The question is, is there any way to get this to work? I am trying to dynamically set the Instrumentation key while keeping in tact the ability to pass in a JSON object for my app settings
I'm seeing extremely confusing results with copy properties construct in general. most of the times is blows up with absolutely cryptic errors.

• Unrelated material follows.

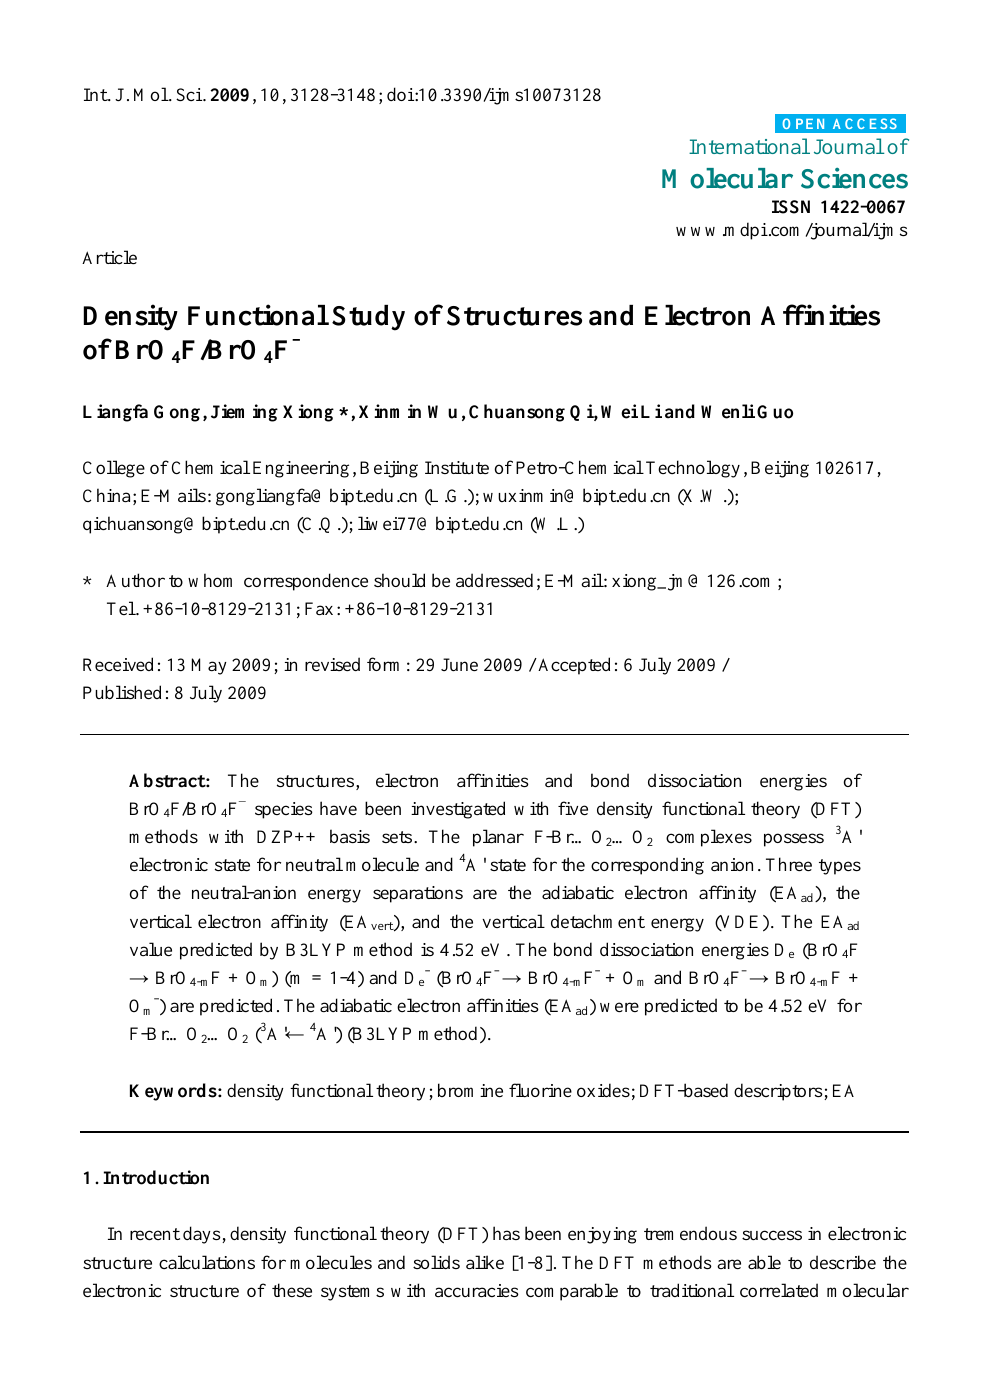 Density Functional Study Of Structures And Electron Affinities Of Bro4f Bro4f Topic Of Research Paper In Chemical Sciences Download Scholarly Article Pdf And Read For Free On Cyberleninka Open Science Hub
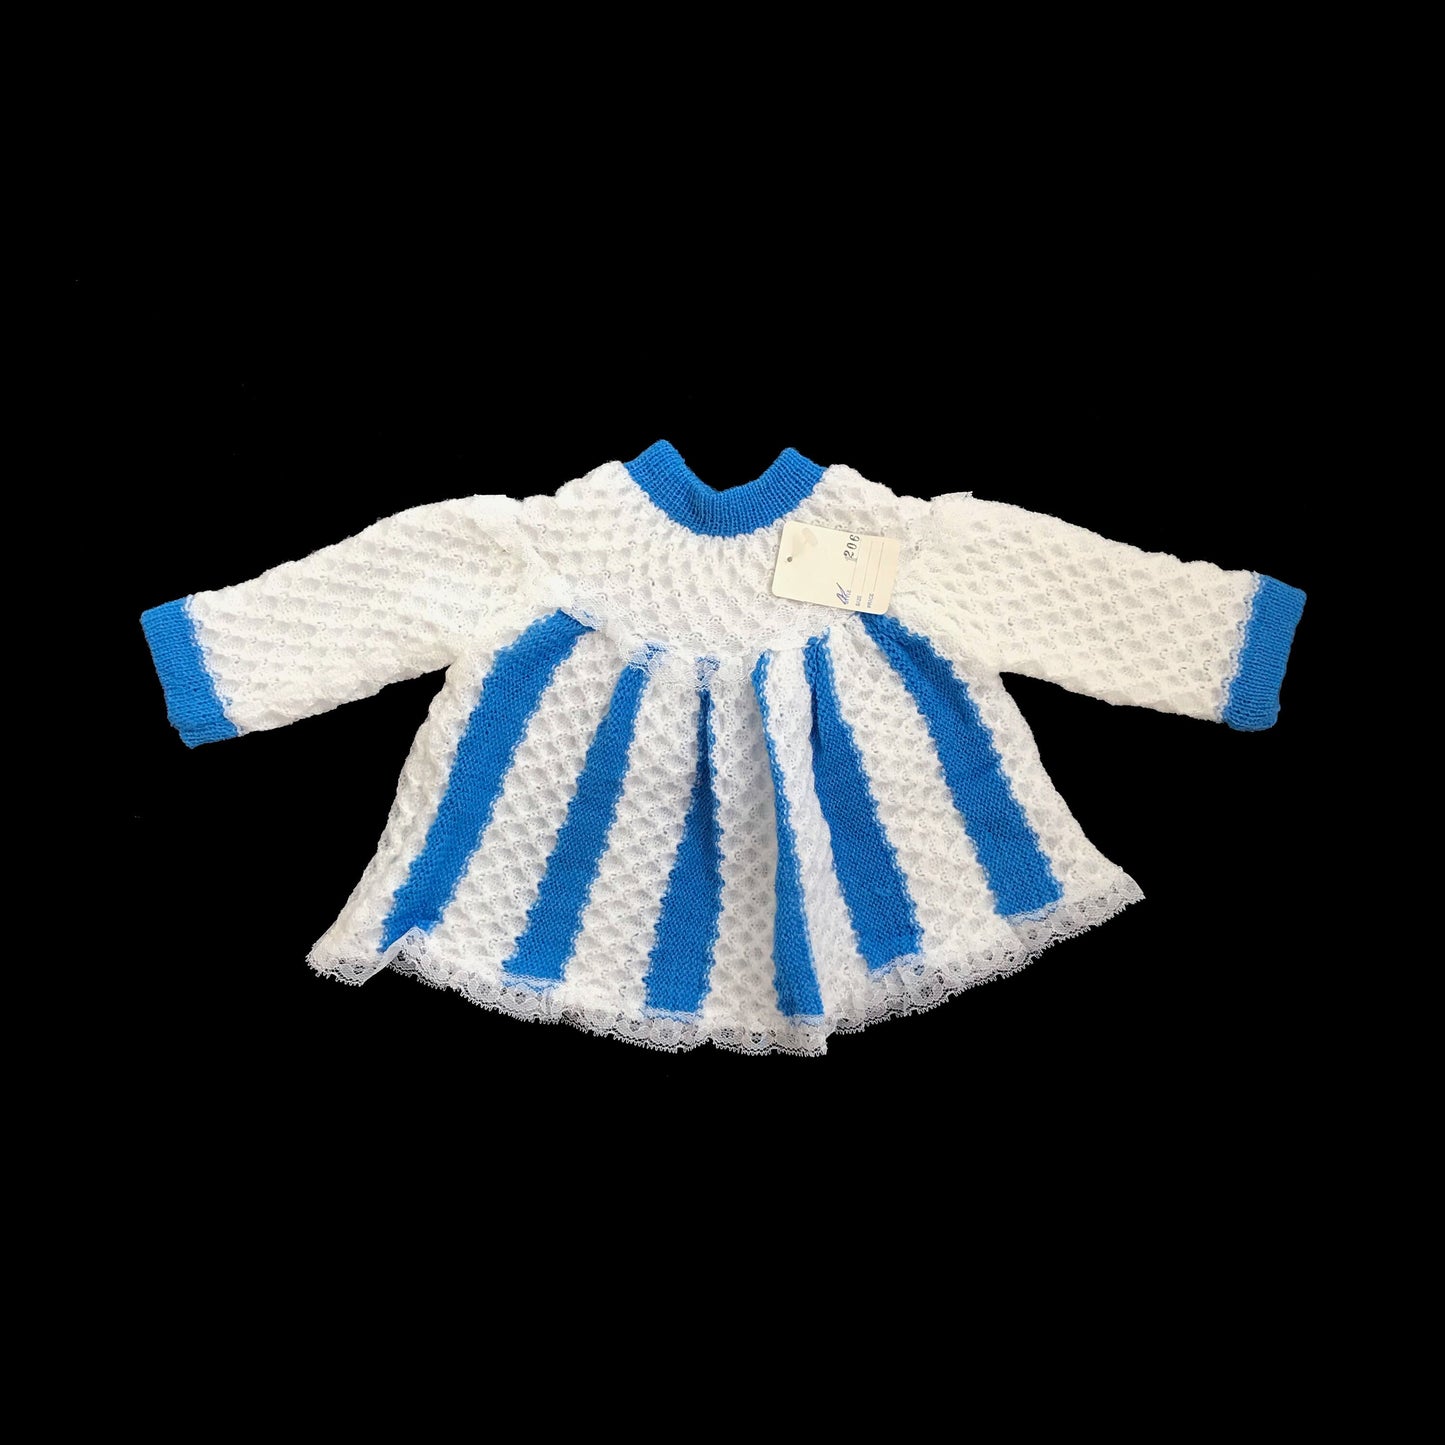 Vintage 70's Stripy White/Blue Knitted Dress  0-3 Months

You won’t be able to use the reference() function in the count property – the copy loop is expanded at compile time – reference is evaluated at run-time. also, today I cant reproduce my working example, but i had a working example of reference function working in a copy properties, without if() though. You might want to create a bare minimum example showing how this doesnt work (so only 1 resource ideally). If that doesnt work you might want to raise an issue on github and\or azure feedback
You might be able to work around this by using nested deployments. but generally using properties copy in a clever way is a bit of a pain, due to compile\runtime issues.